How to complete this task –
Repeat every line of the listing below exactly, minus the pictures.

------ Supplied material ------

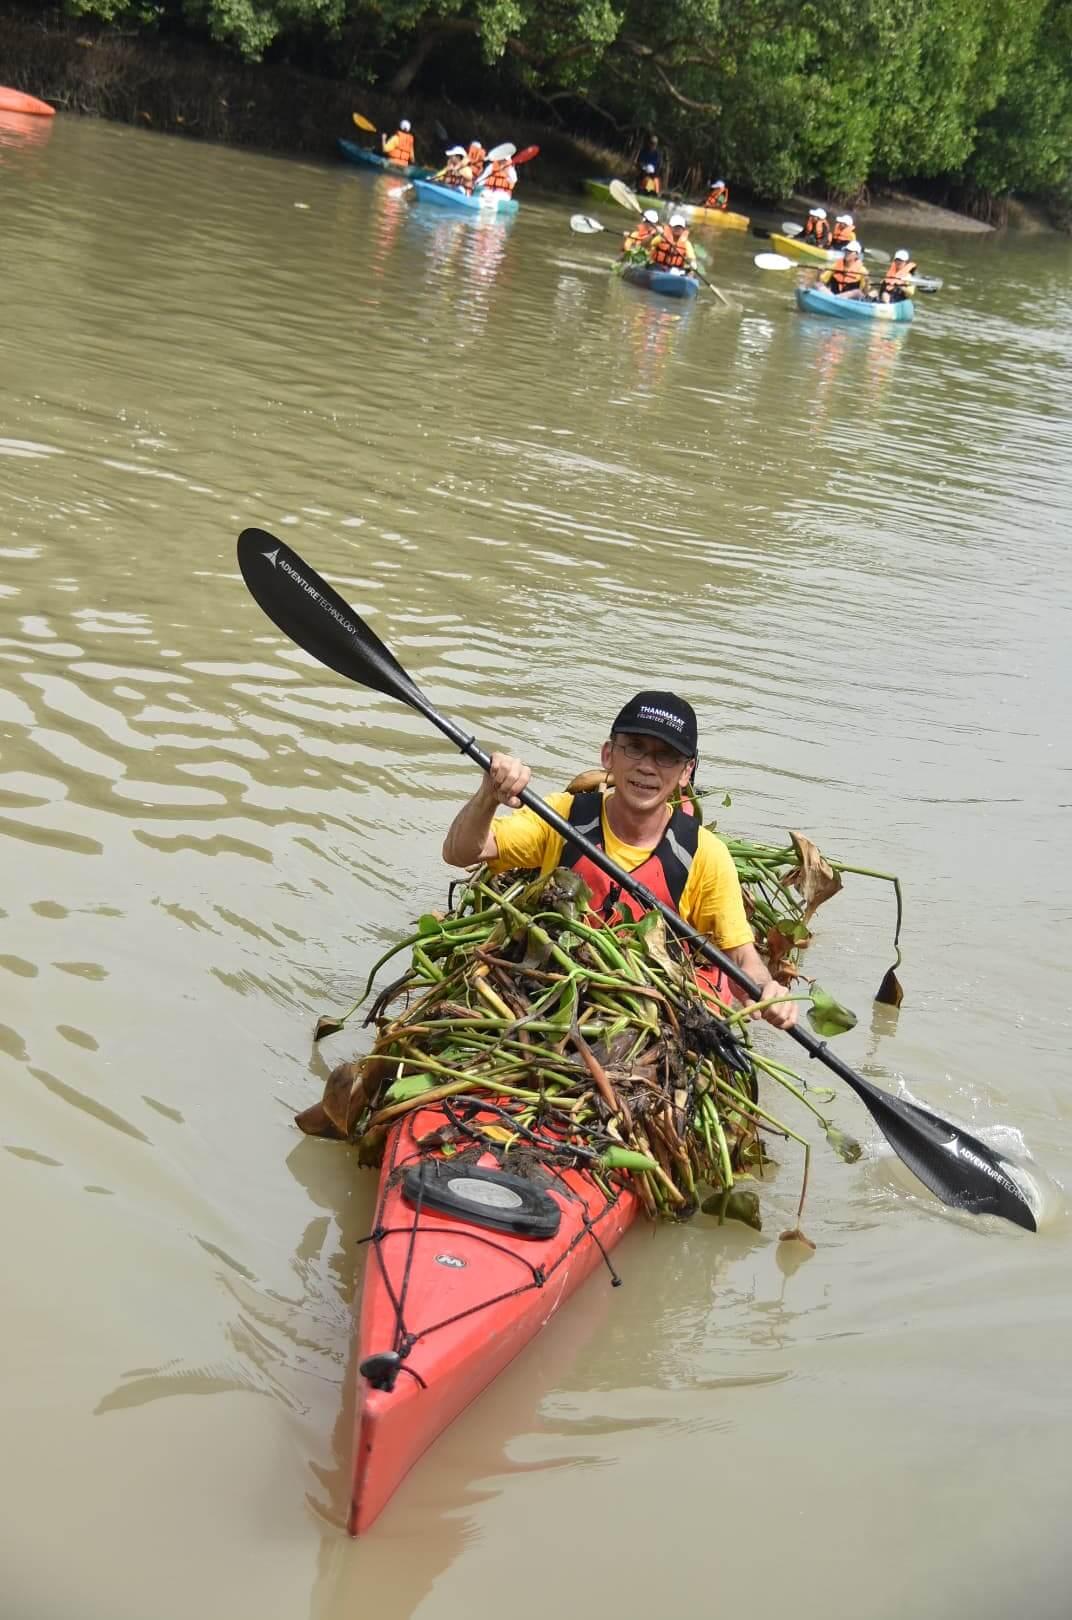 พายเรือเก็บขยะได้ถึง 2 ตัน ธรรมศาสตร์ร่วมสานต่อ #PlasticRights ในแม่น้ำระยอง 18 - junk
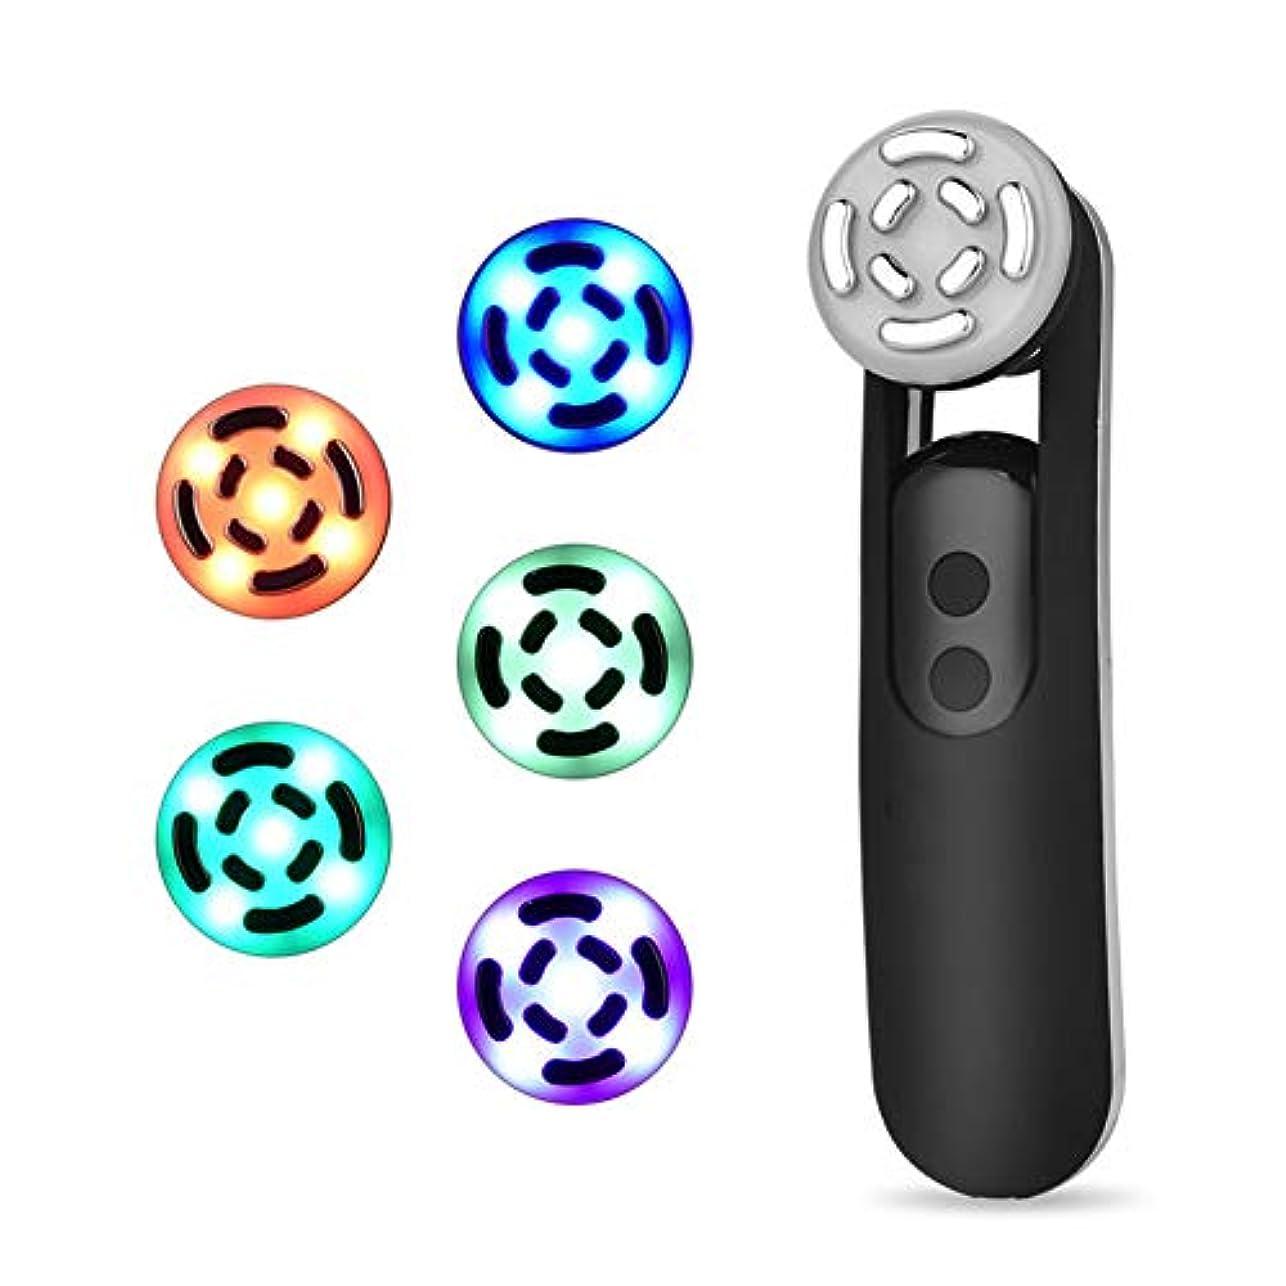 ズームインする特派員伝染病フェイシャルマッサージイオンフェイシャルクレンジングアンチエイジングファーミングスキンマイクロショックテクノロジー5色LEDライト若返りしわ美容機器,Black
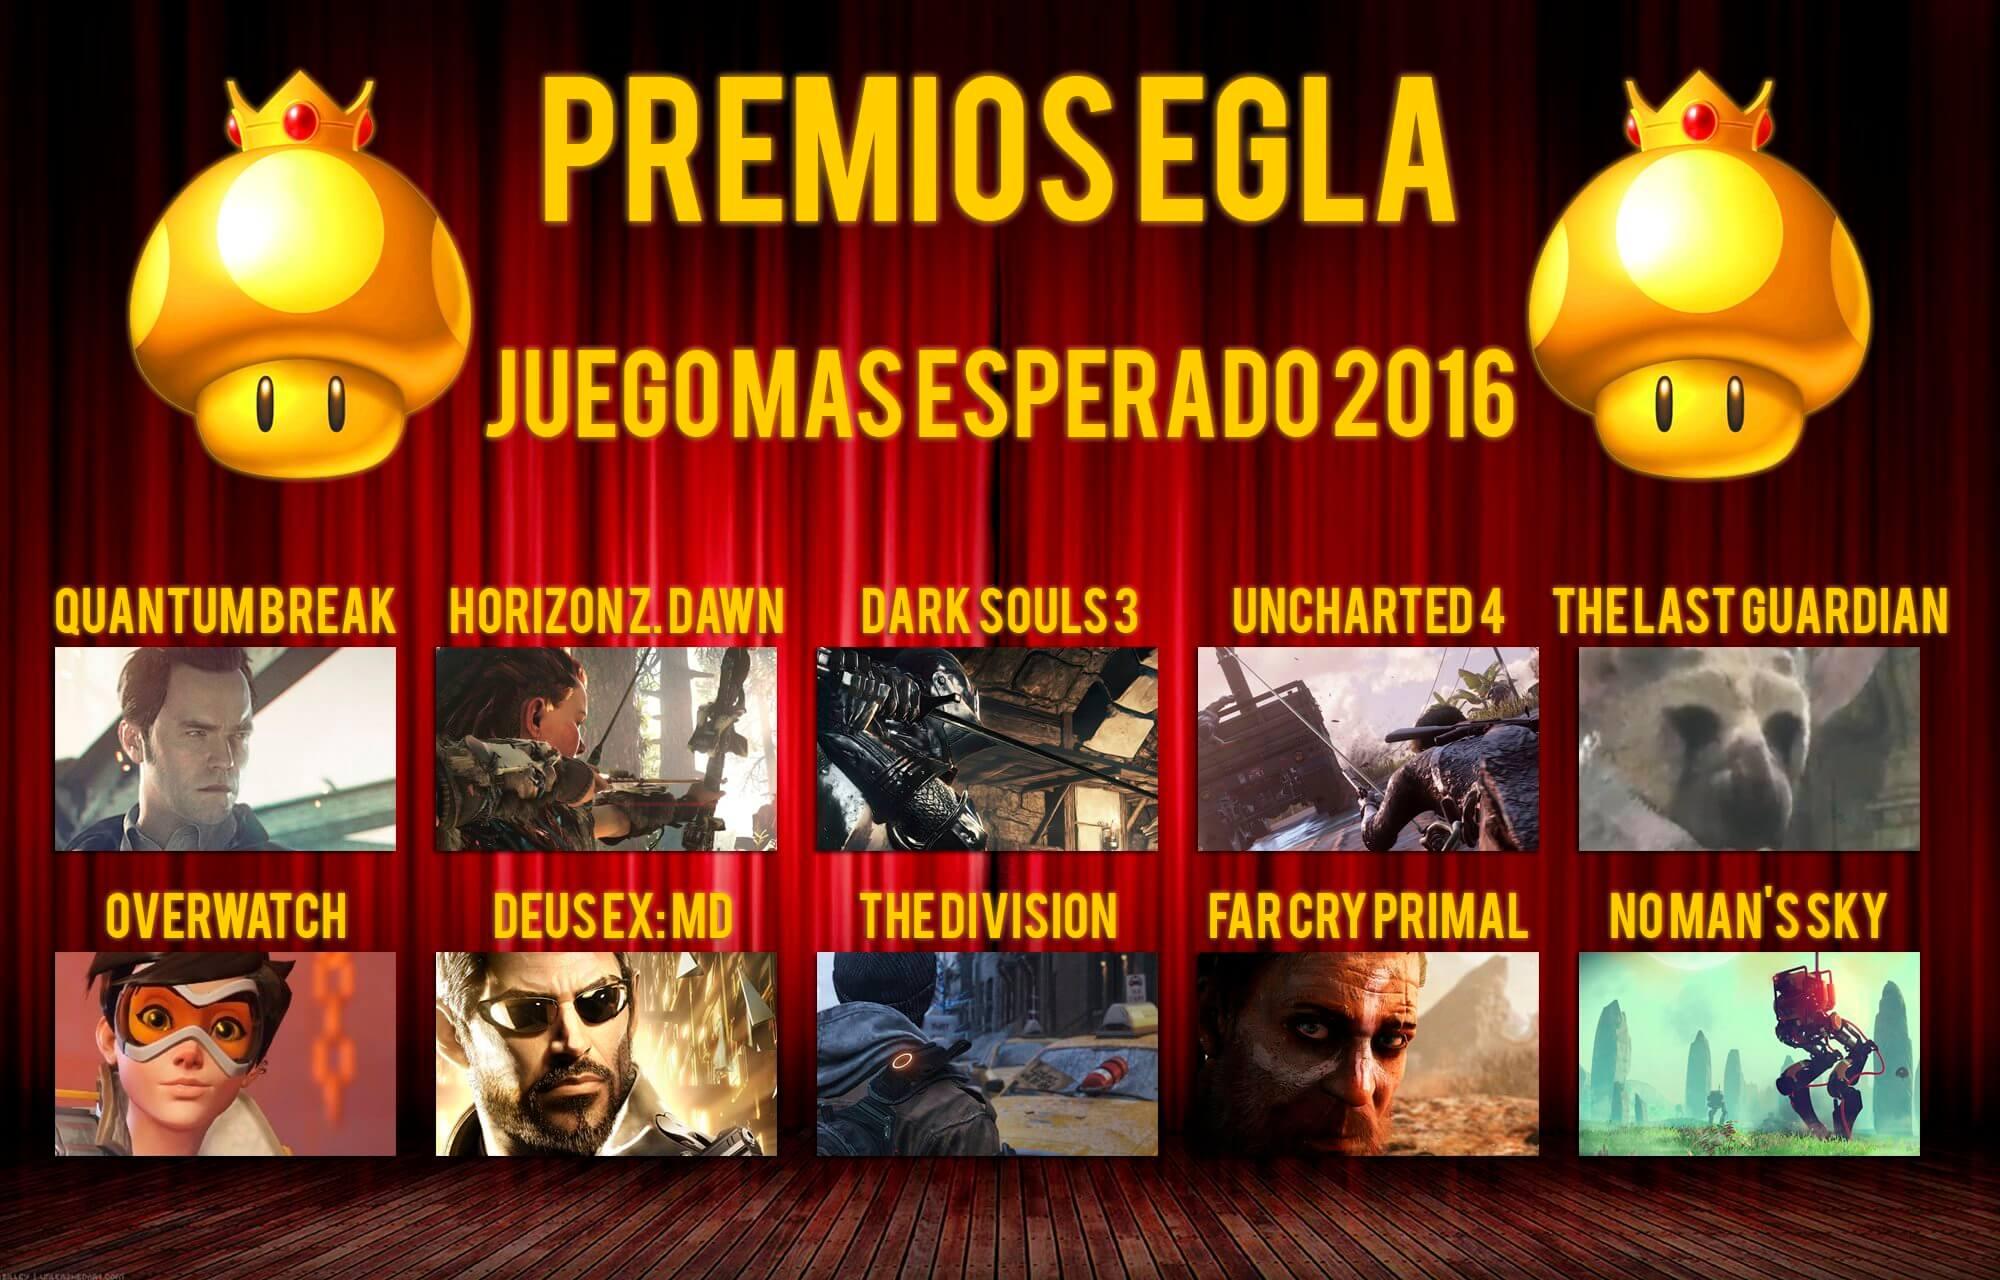 Premios EGLA 2015 Juego más esperado del 2016

------

Task output –
 พายเรือเก็บขยะได้ถึง 2 ตัน ธรรมศาสตร์ร่วมสานต่อ #PlasticRights ในแม่น้ำระยอง 18 - junk
 ズームインする特派員伝染病フェイシャルマッサージイオンフェイシャルクレンジングアンチエイジングファーミングスキンマイクロショックテクノロジー5色LEDライト若返りしわ美容機器,Black
 Premios EGLA 2015 Juego más esperado del 2016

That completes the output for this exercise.